In television shows, once items are sent off to forensics, the results come back in days. In actuality, the testing procedure and testing take a long time. “The forensic team are interested, they want to do it, but our work is always slightly on the back-burner,” says Smith. “Current investigations have to take priority.”

It was the end of August 2024 when Smith received a message that forensics had a complete genetic fingerprint of the assailant from the victim’s clothing. A few hours later, she got a follow-up. “They had a hit on the genetic registry – and it was someone who was still alive!”

The suspect was ninety-two, widowed, and living in another city. “When we realised how old he was, we didn’t have the time to waste,” says Smith. “It was all hands on deck.” In the weeks between the DNA match and Headley’s arrest, the team read every single one of the numerous original accounts and records.

For a while, it was like living in two time periods. “Just looking at all the photos, seeing an the victim’s home in 1967,” says Smith. “The accounts. The way they describe people. Today, it would typically be different. There are so many changes over time.”

Getting to Know the Victim

Smith felt she came to understand the victim, too. “She was such a big character,” she says. “Lots of people were saying that they saw her on the doorstep every day. She was twice widowed, separated from her family, but she wasn’t reclusive. She had a group of women who used to meet and gossip – and those were the women who realised something was amiss.”

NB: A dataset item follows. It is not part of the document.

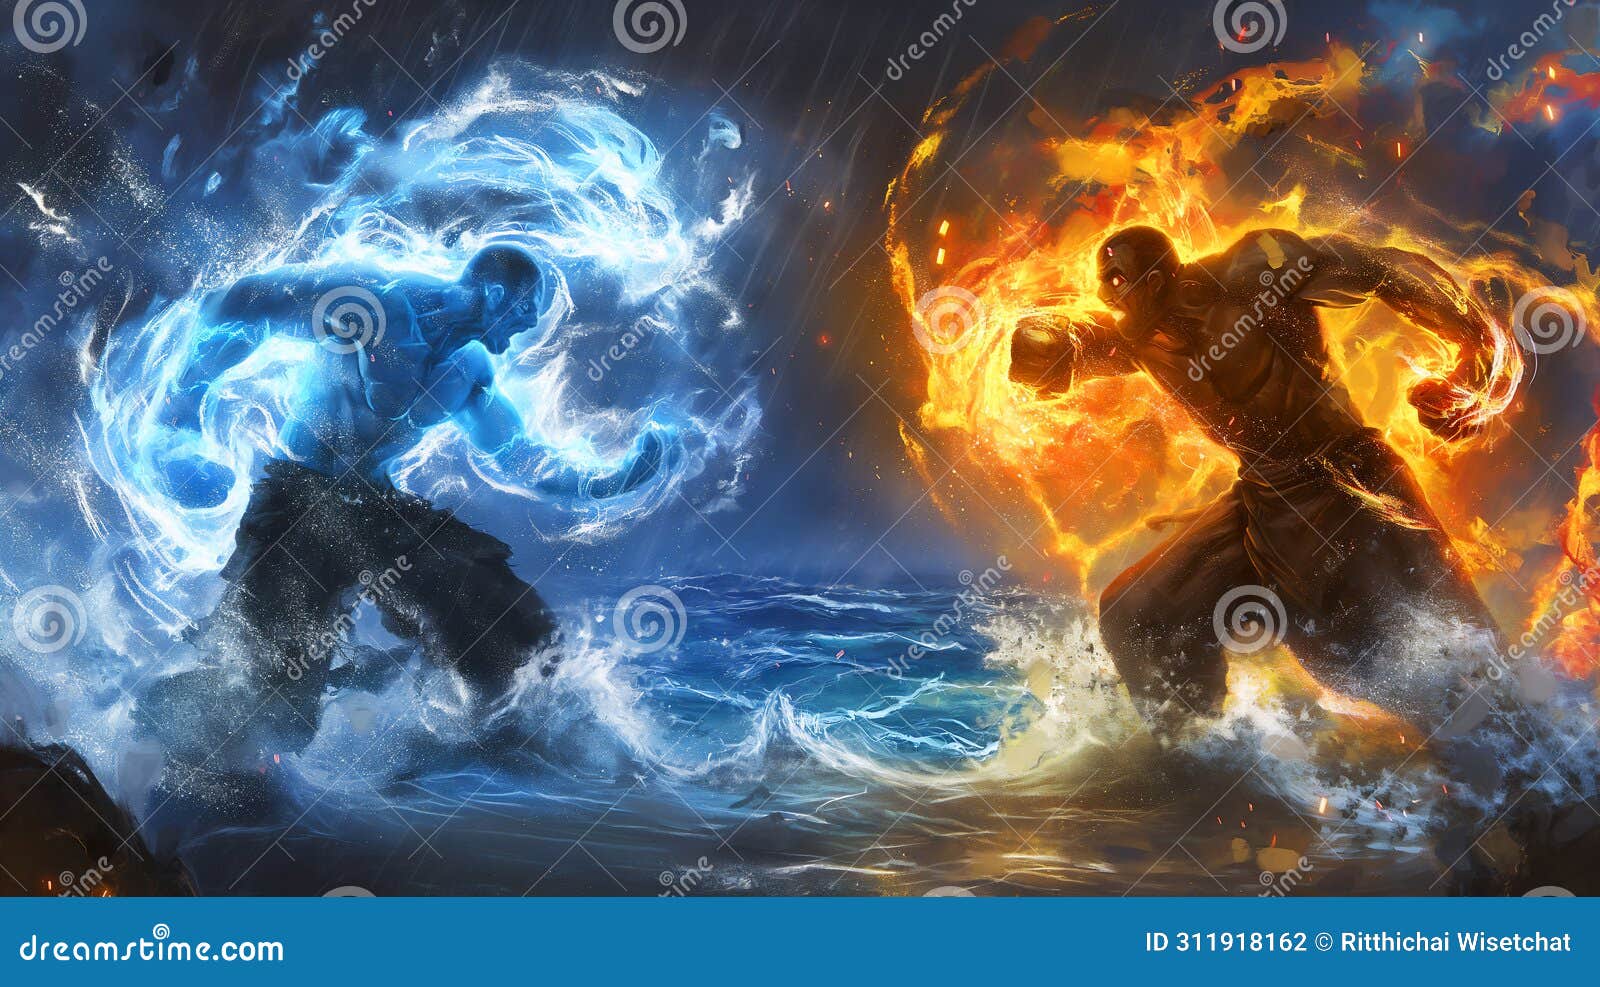 epic battle between two al titans, one wreathed in flames, the other in swirling water, amidst a stormy sea backdrop.

Most of the team’s days were spent analyzing documents. (“Humongous amounts of paperwork. It wouldn’t make great TV.”) The team also interviewed the doctor, now 89, who had attended the scene. “He remembered every detail from that day,” says Smith. “He said: ‘I’ve been a doctor all my life and seen a lot of dead bodies but that’s the only one that had been murdered. That haunts you.’”

A History of Crimes

Headley’s prior offenses seemed to leave little question of his guilt. After the 1967 murder, he had moved, and in 1977 he had pleaded guilty to assaulting two older women, again in their own homes. His victims’ disturbing statements from that previous case gave some insight into the victim’s last moments.

“He menaced to strangle one and he threatened to smother the other with a cushion,” says Smith. Both women fought back. Though Headley was initially sentenced to life, he appealed, supported by a mental health professional who stated that Headley was acting out of character. “It went from a life sentence to less time,” says Smith.

Closing the Case

Smith was present at Headley’s arrest. “I knew what he looked like, I knew he was going to be 92, and I also knew how compelling the proof was,” she says. The team were concerned that the arrest would trigger a health crisis. “We were uncovering the most hidden truth he’d kept hidden for 60 years,” says Smith.

Yet everything was able to proceed. The court case took place, and the victim’s granddaughter had been contacted by family liaison. “She had believed it was never going to be solved,” says Smith. For the family, there had also been a sense of shame about the nature of the crime.

“Rape is often not reported now,” says Smith, “but in the mid-20th century, how many elderly ladies would ever report this had happened?”

Headley was told at sentencing that, for all practical purposes, he would remain incarcerated. He would die in prison.

A Profound Effect

For Smith, it has been a unique case. “It just feels different, I don’t know why,” she says. “In a live case, the process is very reactive. With this case you’re driving the inquiry, the pressure is only from yourself. It started with me trying to get someone to take some interest of that evidence – and I was able to follow it right until the end.”

She is confident that it won’t be the last resolution. There are approximately 130 cold cases in the archives. “We’ve got so much more to do,” she says. “We have several murders that we’re re-examining – we’re constantly submitting evidence to forensics and pursuing other leads. We’ll be forever unlocking the past.”

Maria Parker
Maria Parker

A passionate baccarat enthusiast with over a decade of experience in casino gaming and strategy development.